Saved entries

■ ■ ■ ■

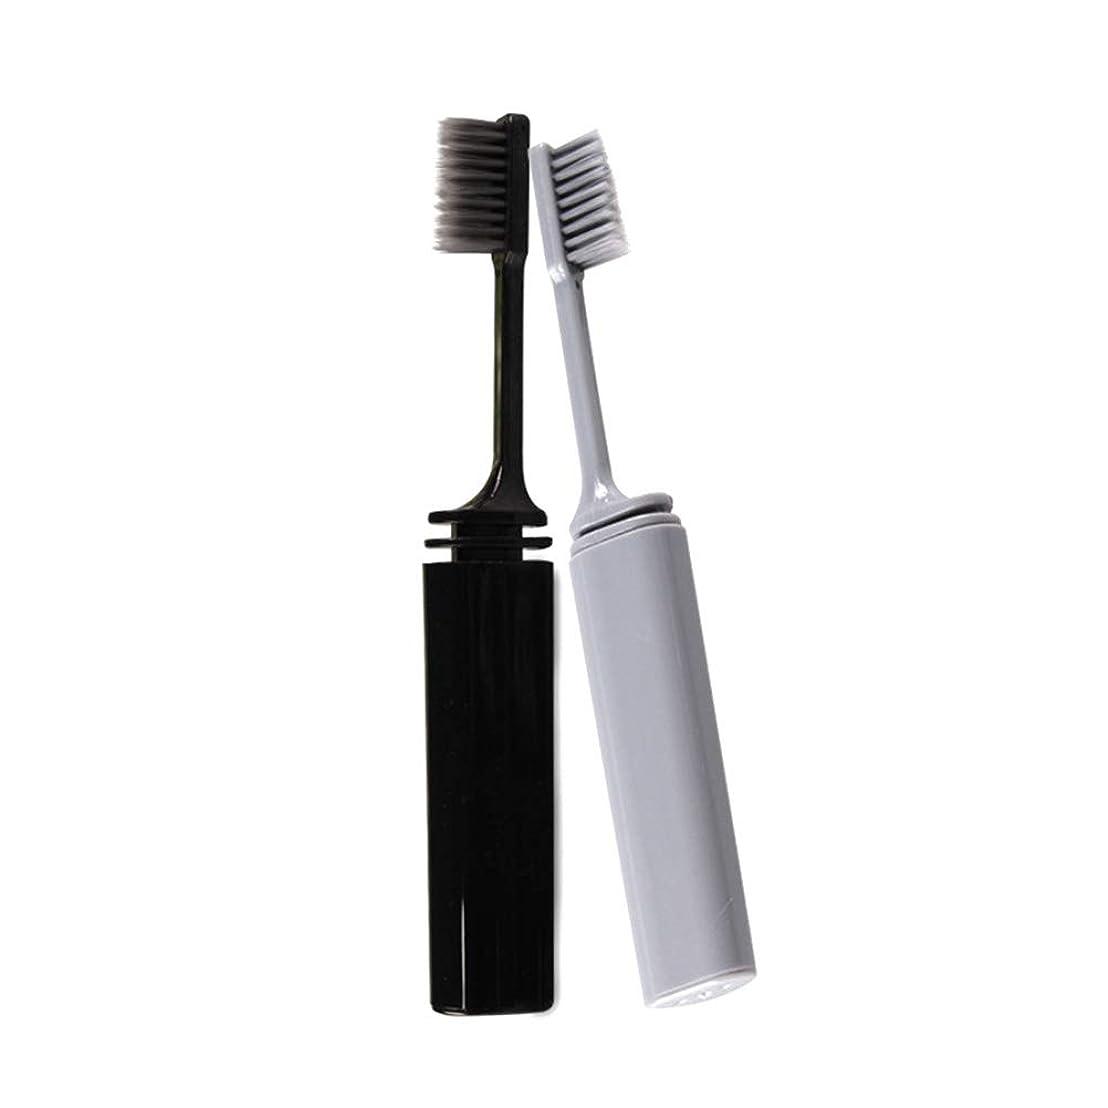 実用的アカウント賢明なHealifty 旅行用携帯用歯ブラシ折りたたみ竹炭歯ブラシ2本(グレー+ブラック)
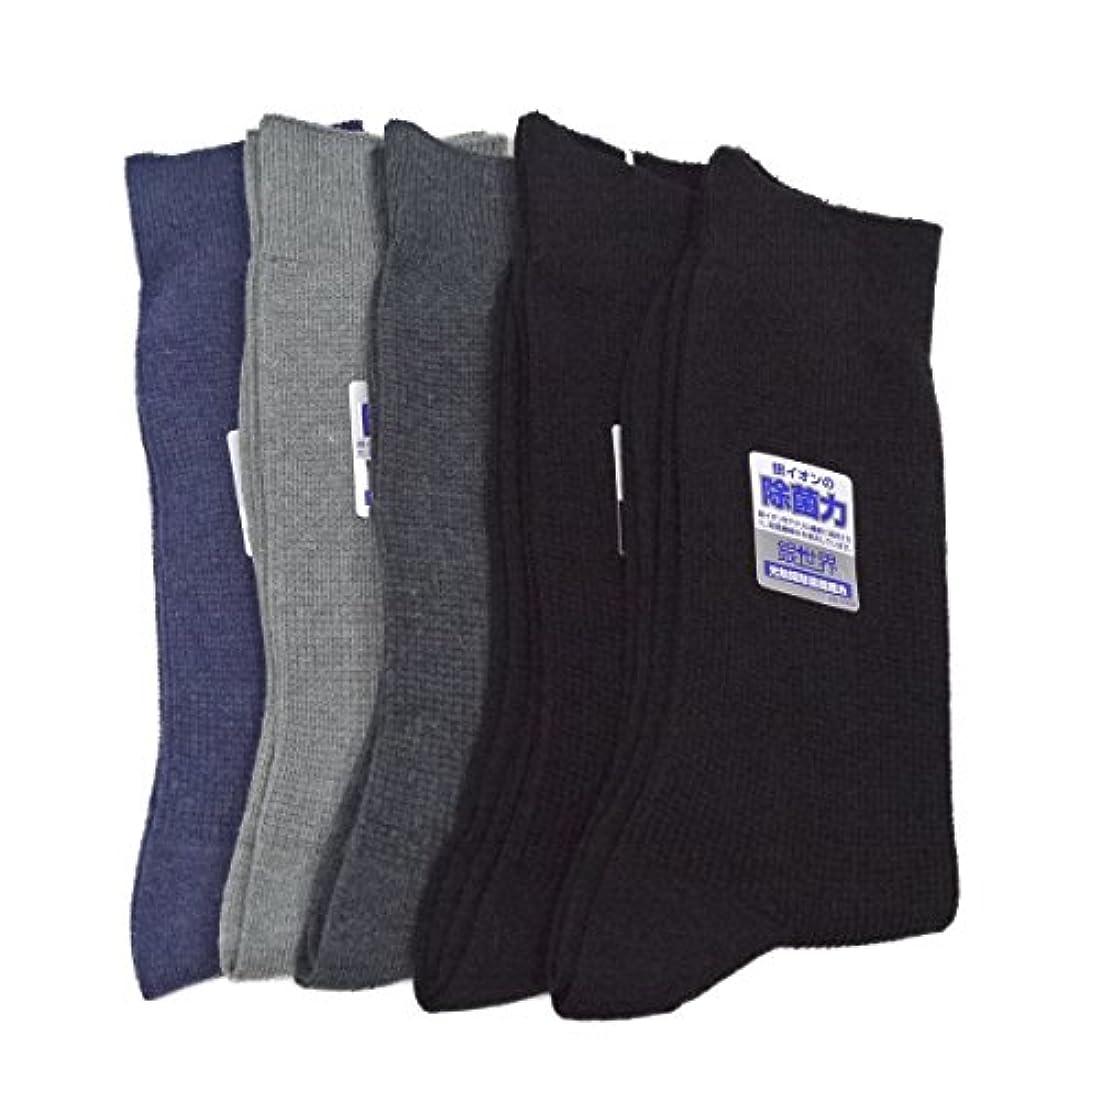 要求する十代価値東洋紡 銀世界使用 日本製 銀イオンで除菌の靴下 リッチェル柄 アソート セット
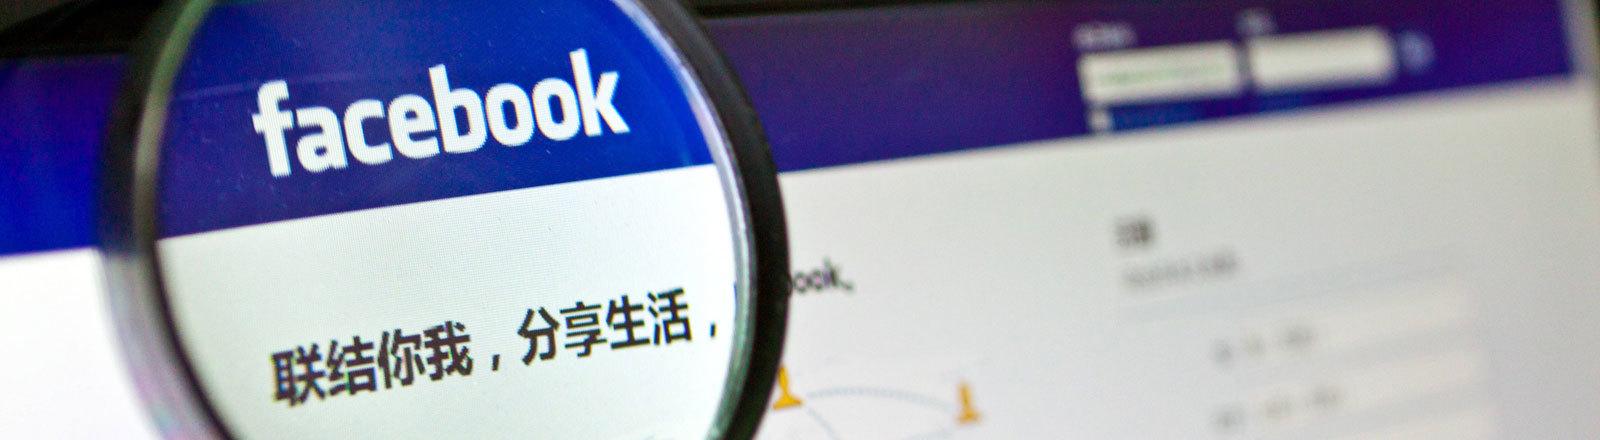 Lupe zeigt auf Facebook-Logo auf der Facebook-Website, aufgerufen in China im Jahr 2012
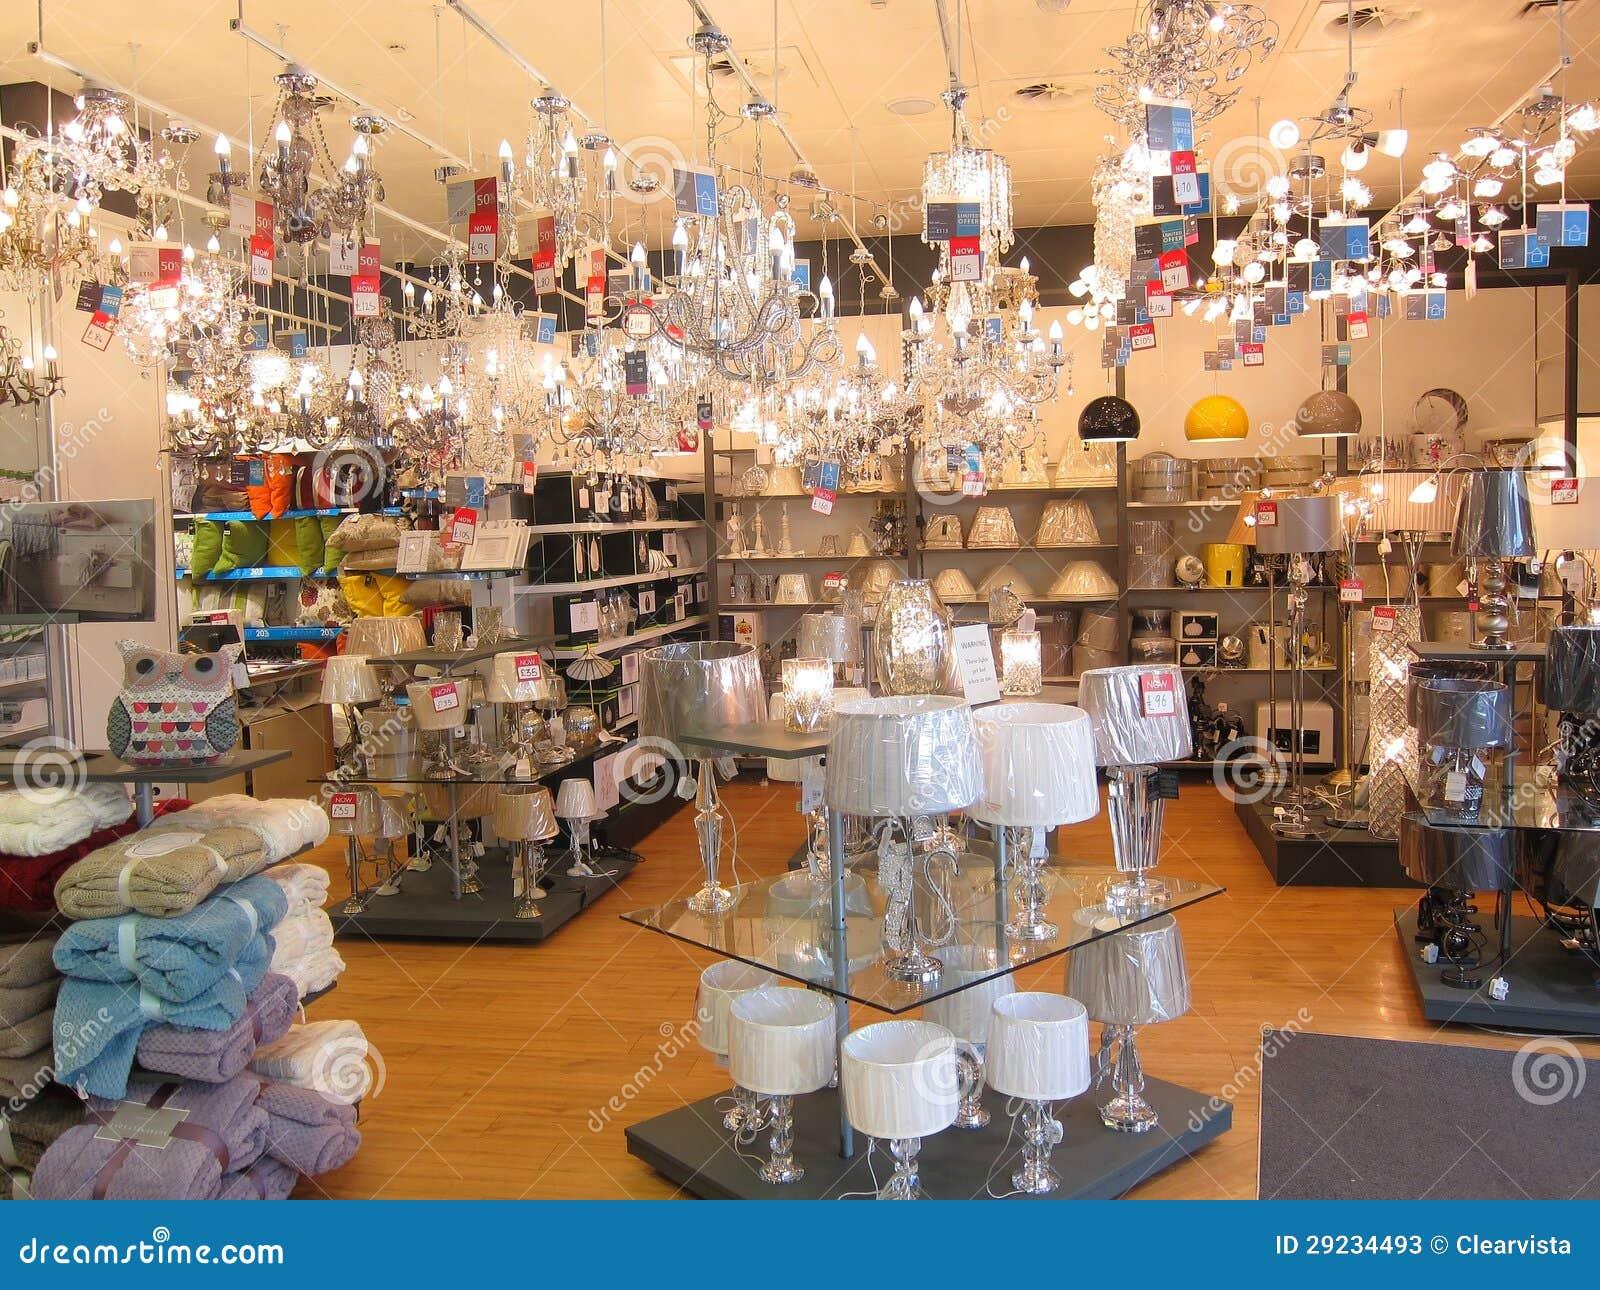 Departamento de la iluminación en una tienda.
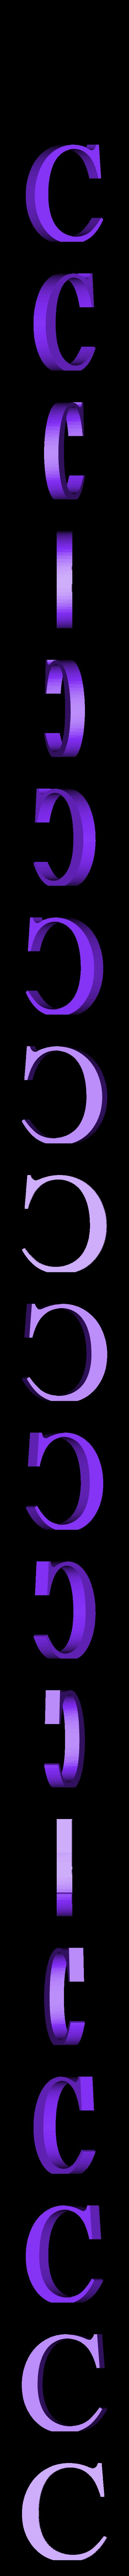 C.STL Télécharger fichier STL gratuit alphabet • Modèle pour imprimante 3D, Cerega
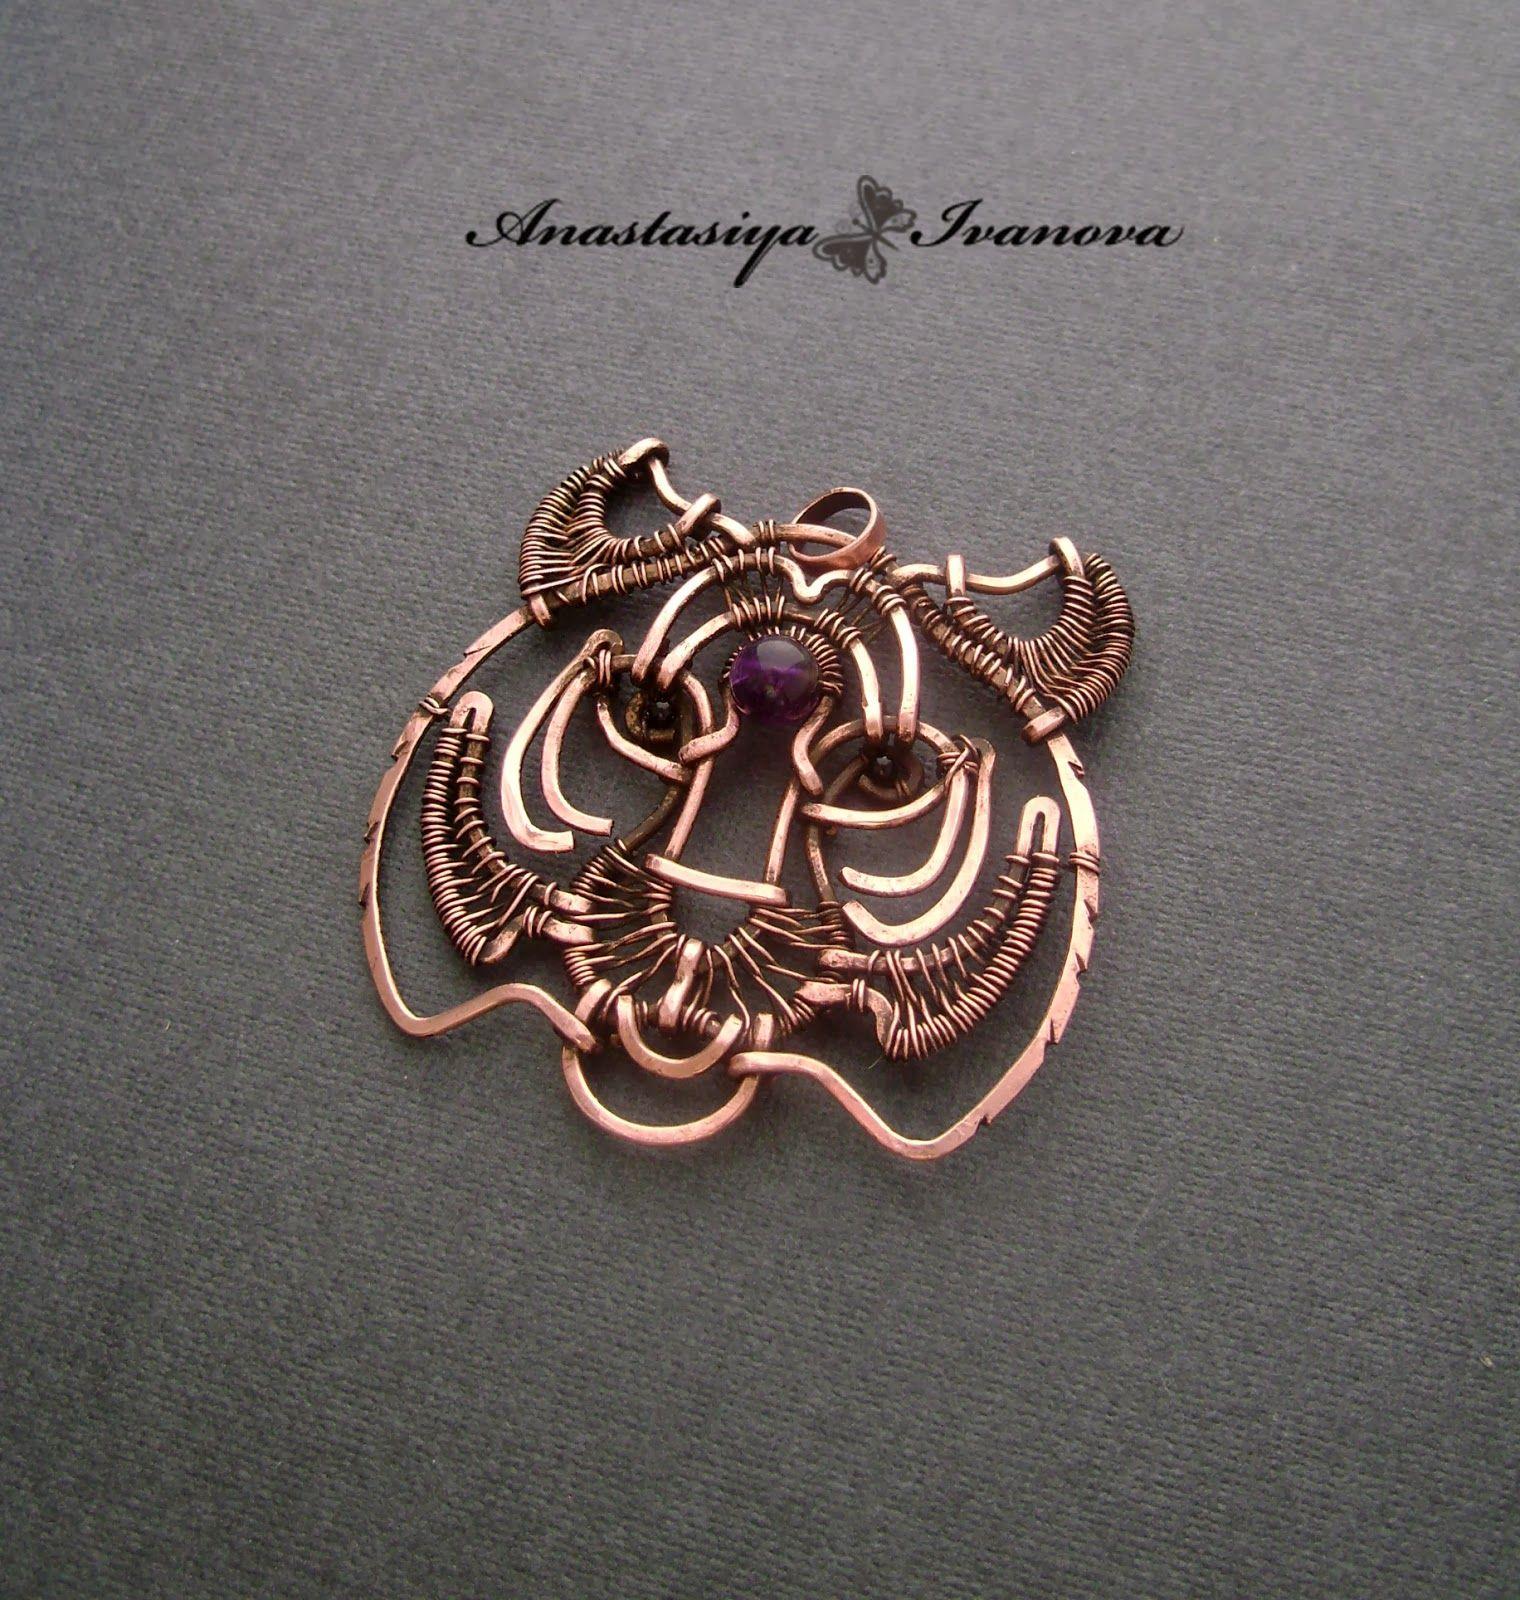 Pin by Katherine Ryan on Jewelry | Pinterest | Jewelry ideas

■ ■ ■ ■

> _EXERCISE BRIEF_: Only the lines from the one that contains "Lupe zeigt auf" through the last line of the records may appear in the answer, retyped exactly and with no pictures.

> _ANSWER TO THIS TASK_:
 Lupe zeigt auf Facebook-Logo auf der Facebook-Website, aufgerufen in China im Jahr 2012
 Departamento de la iluminación en una tienda.
 C.STL Télécharger fichier STL gratuit alphabet • Modèle pour imprimante 3D, Cerega
 Pin by Katherine Ryan on Jewelry | Pinterest | Jewelry ideas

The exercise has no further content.